Table 12 The origin of PA awareness in relation to the characteristics of producers profiles (A) and farms (B)

Regarding Technical Economic Orientation, the media are the mainstay of informing producers in each category. Finally, although the cooperation with agronomists is absolutely statistically correlated, they do not participate in the dissemination of information beyond 13.3%. This alone is capable of reinforcing the hypothesis (No3) that many actions will be needed in the future for the adoption of SFTs and PA.

It is common for an increase in the capacity to meet the needs of each professional (in this case the farmers) to undergo a first stage of recognition of the new field that they can expand in. More simply, in order to develop a new model of agricultural practice, farmers of crop production would seek out more than one source of information on new and emerging techniques and technologies of primary production. From the statistical analysis of Double Input Tables and Pearson Chi Square’s test regarding the producers profile data, it emerged that multiple information on PA is highly dependent on gender, age, level of education, GPS ownership and familiarity with new technologies. It also depends on the cooperation with an agronomist, whether he has the role of a production consultant or a scholar who monitors and keeps records of the holding (Table 13).
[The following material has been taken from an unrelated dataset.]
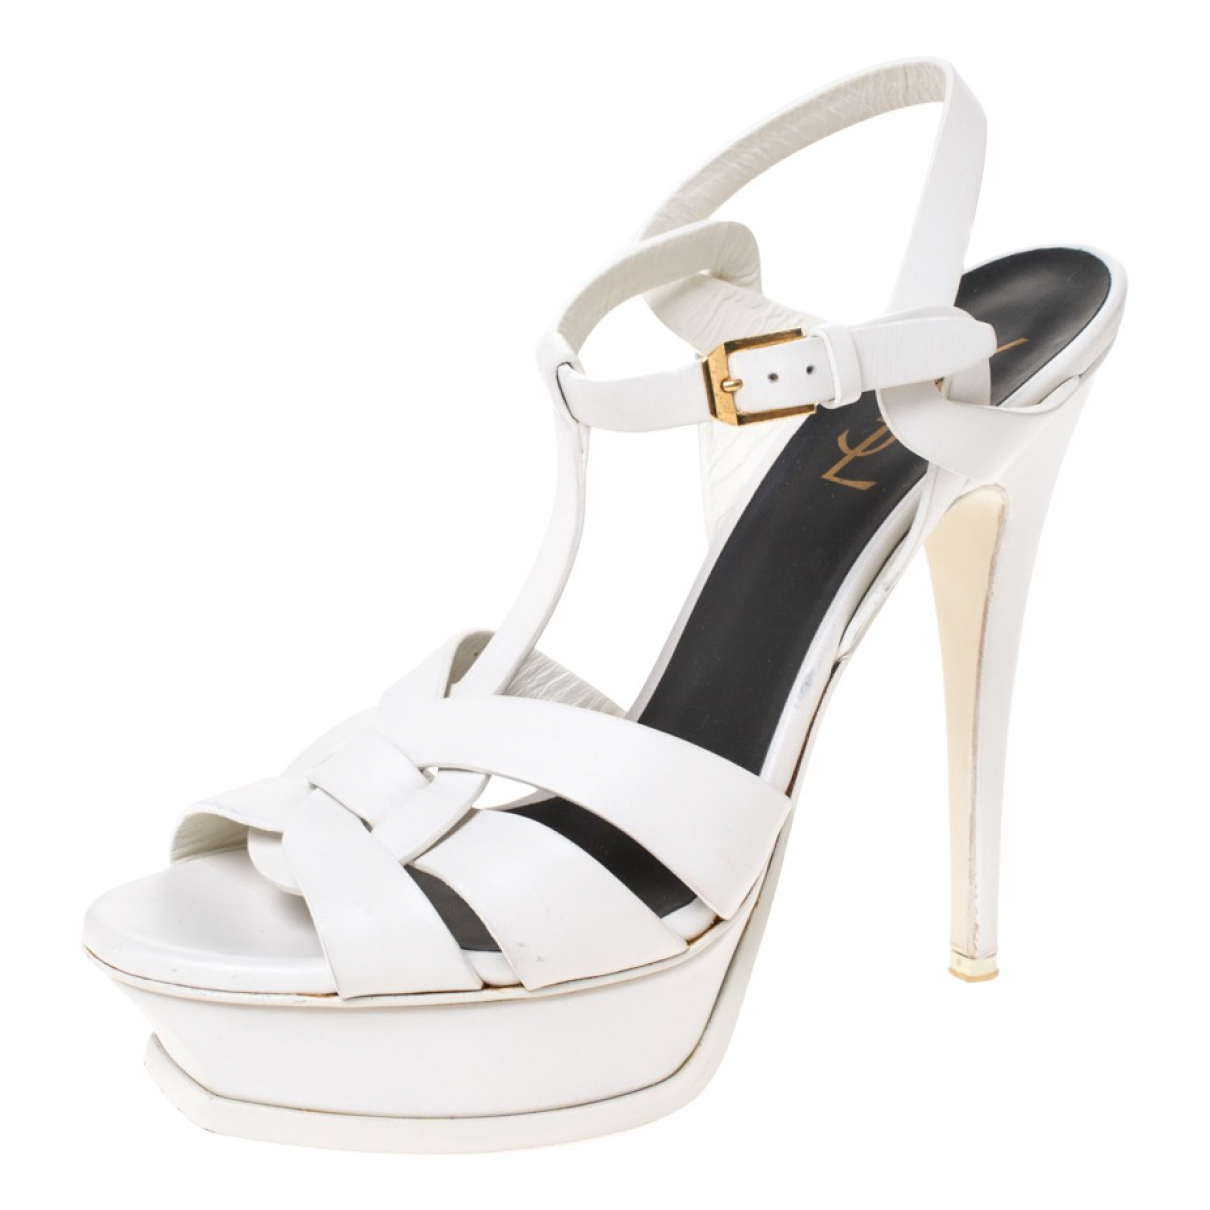 Saint Laurent \N White Leather Sandals for Women 8 US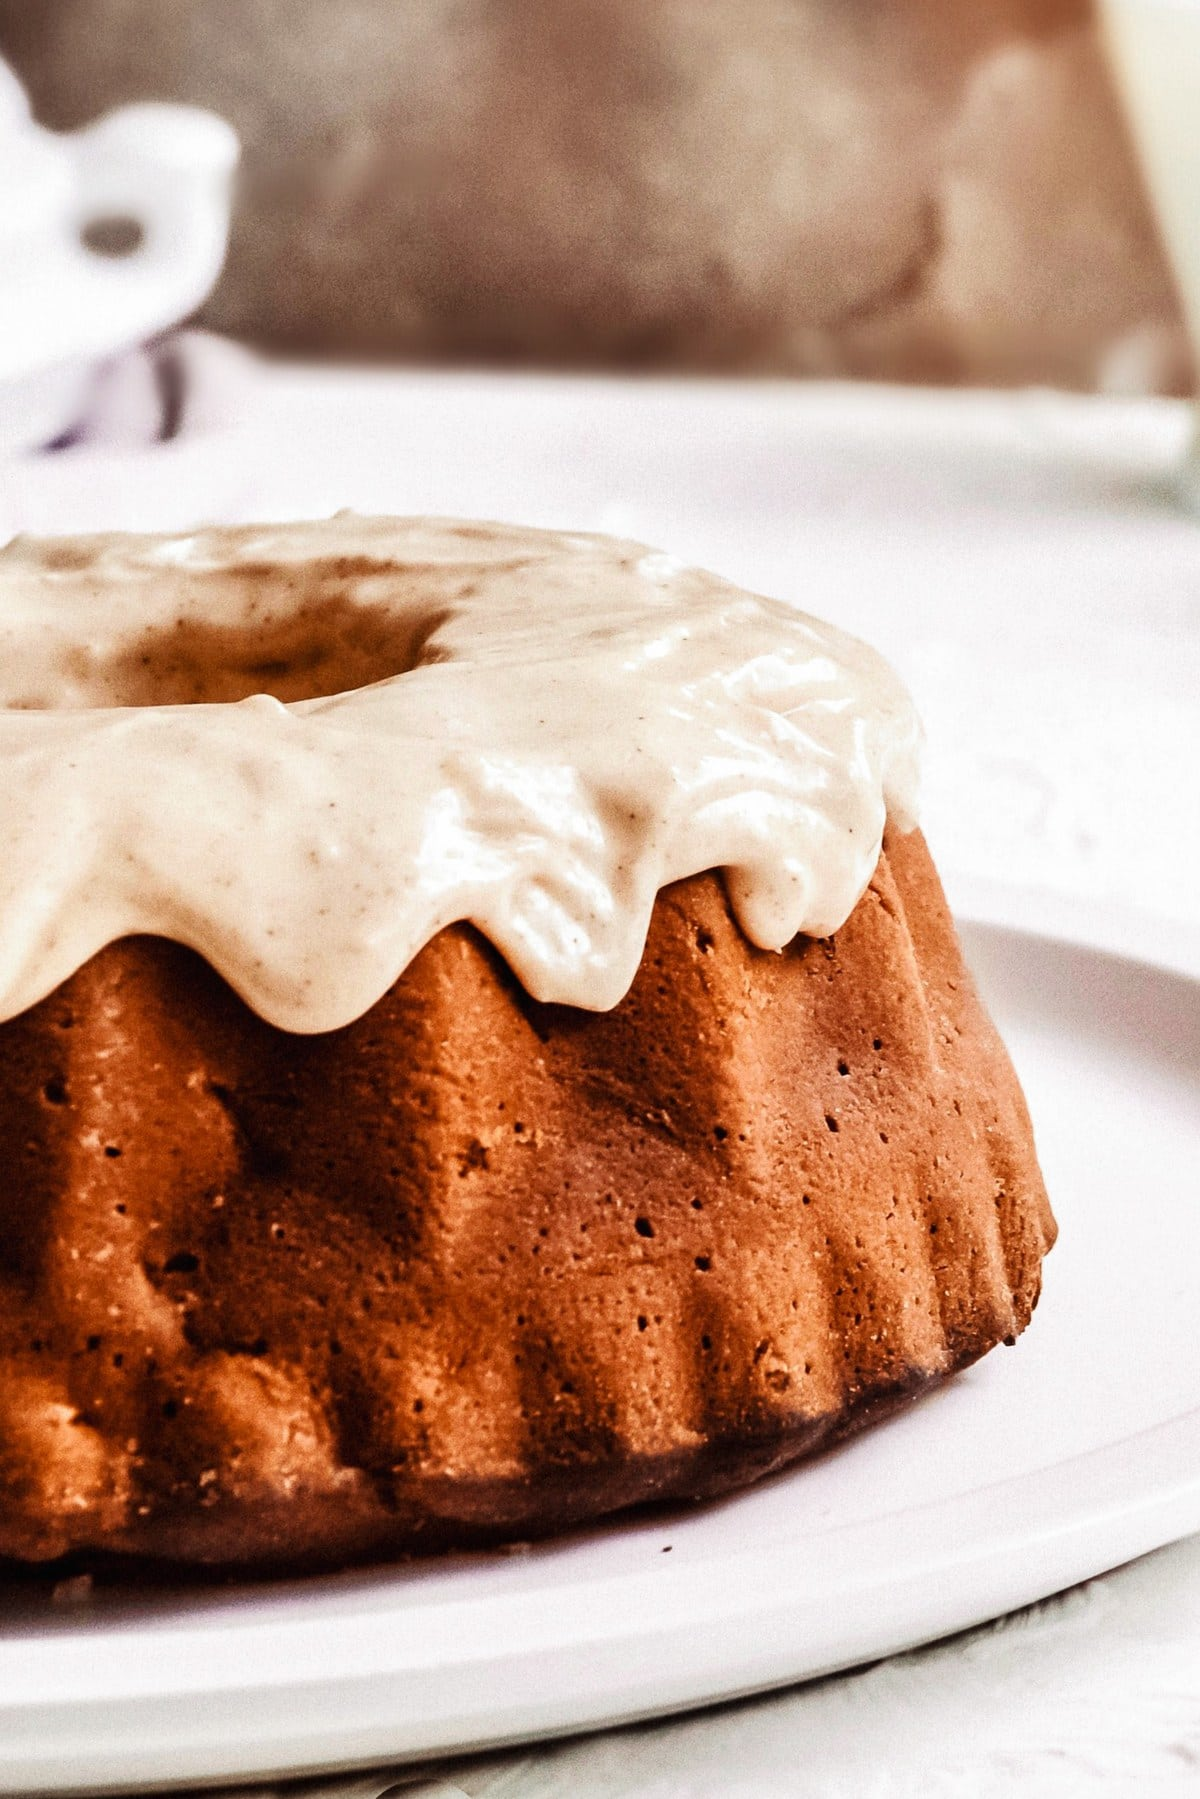 Chunky Apple Bundt Cake with cinnamon-cream cheese icing.

Table 13 Multiple or not, information on PA in relation to producers profiles data (A) and holdings (B)

Naturally, the contribution of agronomic consultants to triggering producers’ interest in obtaining information through more sources is not positive, since farmers working with agronomists obtain information from only one source, at percentages of 55–63%.

4.2 Factor Analysis

The factors, that can contribute to assessing the effectiveness of PA and SFTs by the target population and are therefore considered to be able to impel producers into adopting PA farming practices and SFTs, can be evaluated and shape a proposed policy model. The factors studied are related to the purpose of the function of cultivation techniques, the support and supervision of SFT applications by geotechnical staff, training in new technologies, investment potential, and finally remote counseling.

Sample individuals were asked to respond to the preferred intensity of use of the various techniques and technologies that make up PA and SFTs, their desire to be trained in them or to be guided by consultants, as well as their willingness to adopt and invest in the new technique and technology, in questions 15–38 of the questionnaire (Table 14).

Table 14 Presentation of the independent variables of Factor Analysis

In Order to detect the perception of the target population for Precision Agriculture and Smart Farming Technologies, using the method of Factor Analysis a model was developed—as presented here—, which meets up to their preferences for the adoption of all their stages.

The production of the composite markers presented here is based on Exploratory Factor Analysis Methods and therefore the selection of the final markers requires a systematic evaluation of the results based on the multiple criteria recommended in the international literature (Duquenne 2016).

When using the total of the original independent variables (Questions 15–38), the ratio between the number of observations and the number of variables is in the order of 15 (375: 24), which is an ideal condition for the application of the Exploratory Factor Analysis, as long as the observations/responses are n > 200.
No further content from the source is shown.